Reports of Practical Oncology and Radiotherapy

2024, Volume 29, Number 3, pages: 300–308

DOI: 10.5603/rpor.100778

Submitted: 06.12.2023

Accepted: 16.05.2024

© 2024 Greater Poland Cancer Centre.

Published by Via Medica.

All rights reserved.

e-ISSN 2083–4640

ISSN 1507–1367

Effect of model-based dose-calculation algorithms in high dose rate brachytherapy of cervical carcinoma

Shraddha Srivastava1Ajay Kannathuparambil Venugopal2Moirangthem Nara Singh3
1Department of Radiotherapy, King George’s Medical University, Lucknow, India
2Department of Radiotherapy, Fortis Hospital, New Delhi, India
3Department of Radiation Oncology, Regional Institute of Medical Sciences, Manipur, India

Address for correspondence: Dr. Shraddha Srivastava, Department of Radiotherapy, King George’s Medical University, Lucknow, India, tel: +91-9936933854; e-mail: shraddha686@gmail.com

This article is available in open access under Creative Common Attribution-Non-Commercial-No Derivatives 4.0 International (CC BY-NC-ND 4.0) license, allowing to download articles and share them with others as long as they credit the authors and the publisher, but without permission to change them in any way or use them commercially

Abstract
Background: Task Group 43 (TG-43) formalism does not consider the tissue and applicator heterogeneities. This study is to compare the effect of model-based dose calculation algorithms, like Advanced Collapsed Cone Engine (ACE), on dose calculation with the TG-43 dose calculation formalism in patients with cervical carcinoma.
Materials and methods: 20 patients of cervical carcinoma treated with a high dose rate of intracavitary brachytherapy were prospectively studied. The target volume and organs at risk (OARs) were contoured in the Oncentra treatment planning system (Elekta, Veenendaal, The Netherlands). All patients were planned with cobalt-60 (Co-60) and iridium-192 (Ir-192) sources with doses of 21 Gy in 3 fractions.

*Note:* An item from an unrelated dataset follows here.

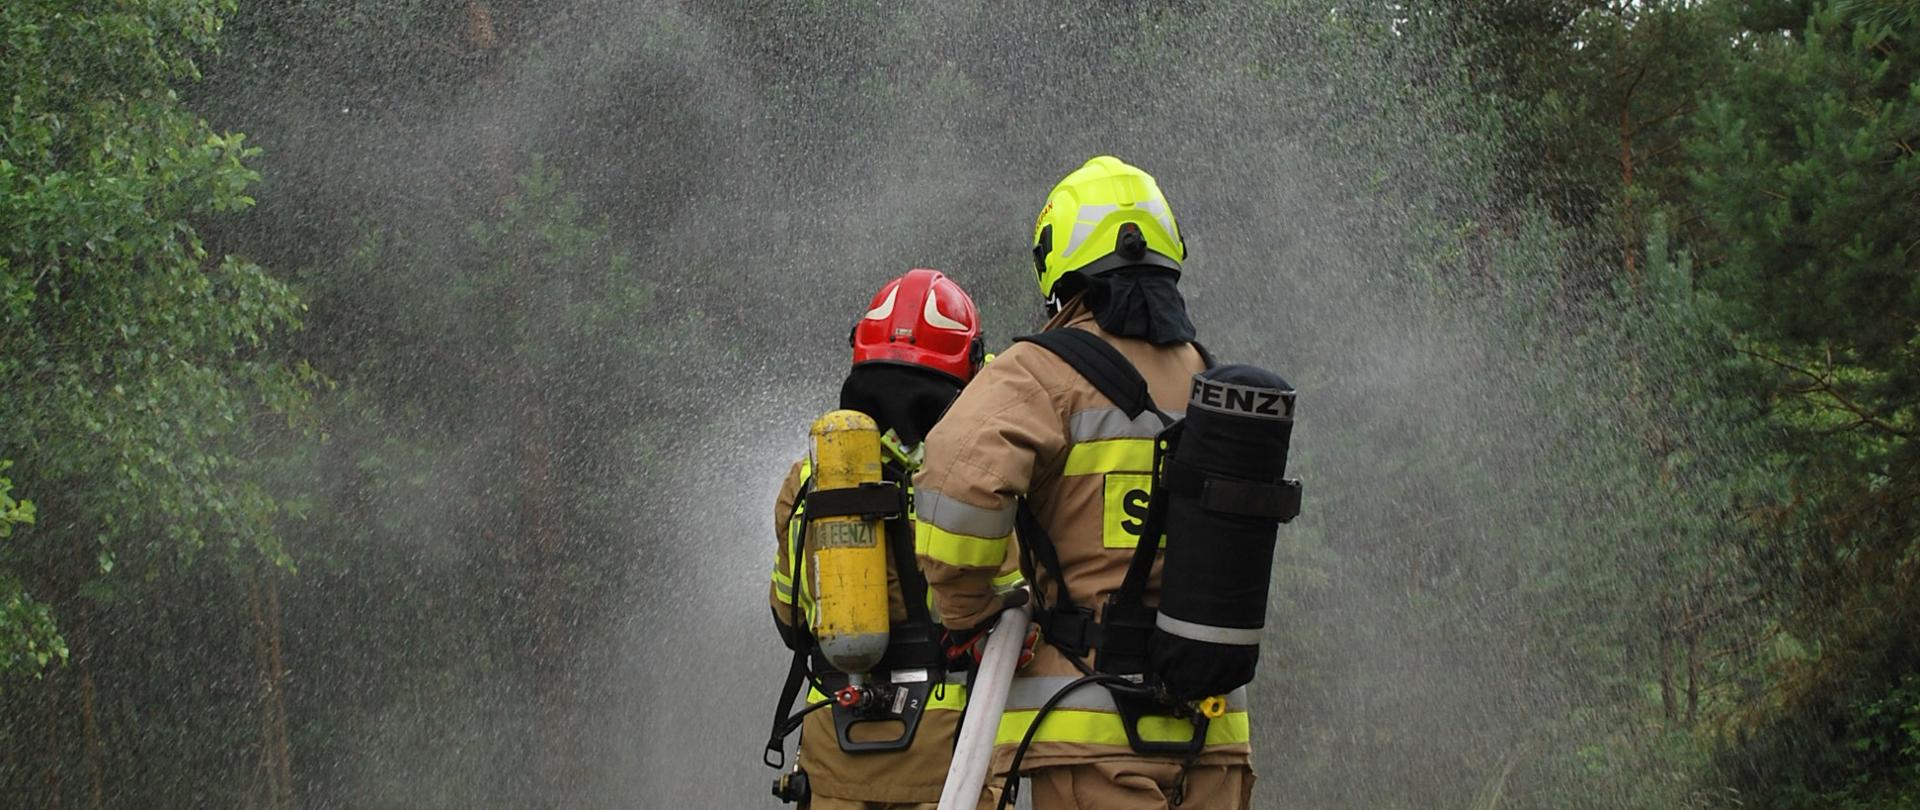 Na zdjęciu dwóch strażaków w ubraniu specjalnym podaje prąd wody w natarciu

These plans were calculated with TG-43 formalism and a model-based dose calculation algorithm ACE. The dosimetric parameters of TG-43 and ACE-based plans were compared in terms of target coverage and OAR doses.
Results: For Co-60-based plans, the percentage differences in the D90 and V100 values for high-risk clinical target volume (HR-CTV) were 0.36 ± 0.43% and 0.17 ± 0.31%, respectively. For the bladder, rectum and sigmoid, the percentage differences for D2cc volumes were –0.50 ± 0.51%, –0.16 ± 0.53% and –0.37 ± 1.21%, respectively. For Ir-192-based plans, the percentage difference in the D90 for HR-CTV was 0.54 ± 0.79%, while V100 was 0.24 ± 0.29%. For the bladder, rectum and sigmoid, the doses to 2cc volume were 0.35 ± 1.06%, 0.99 ± 0.74% and 0.74 ± 1.92%, respectively. No significant differences were found in the dosimetric parameters calculated with ACE and TG-43.
Conclusion: The ACE algorithm reduced doses to OARs and targets. However, ACE and TG-43 did not show significant differences in the dosimetric parameters of the target and OARs with both sources.
Key words: algorithms; brachytherapy; cervical cancer; Iridium-192; Monte Carlo Method; organs at risk
Rep Pract Oncol Radiother 2024;29(3):300–308

Introduction

The dose calculation in brachytherapy relies on the gold standard of the American Association of Physicists in Medicine (AAPM) Task Group 43 (TG-43) [1]. In the TG-43 formalism, the absorbed dose is calculated by superimposing the precalculated dose distribution for a single source in a homogeneous water medium. This method, however, does not consider the impact of heterogeneities like tissues, applicators, patient anatomy, and dimensions [2]. These heterogeneities can thus complicate the prediction of dose distribution. Therefore, the absorbed dose delivered to all irradiated tissues in the presence of such inhomogeneities must be predicted accurately.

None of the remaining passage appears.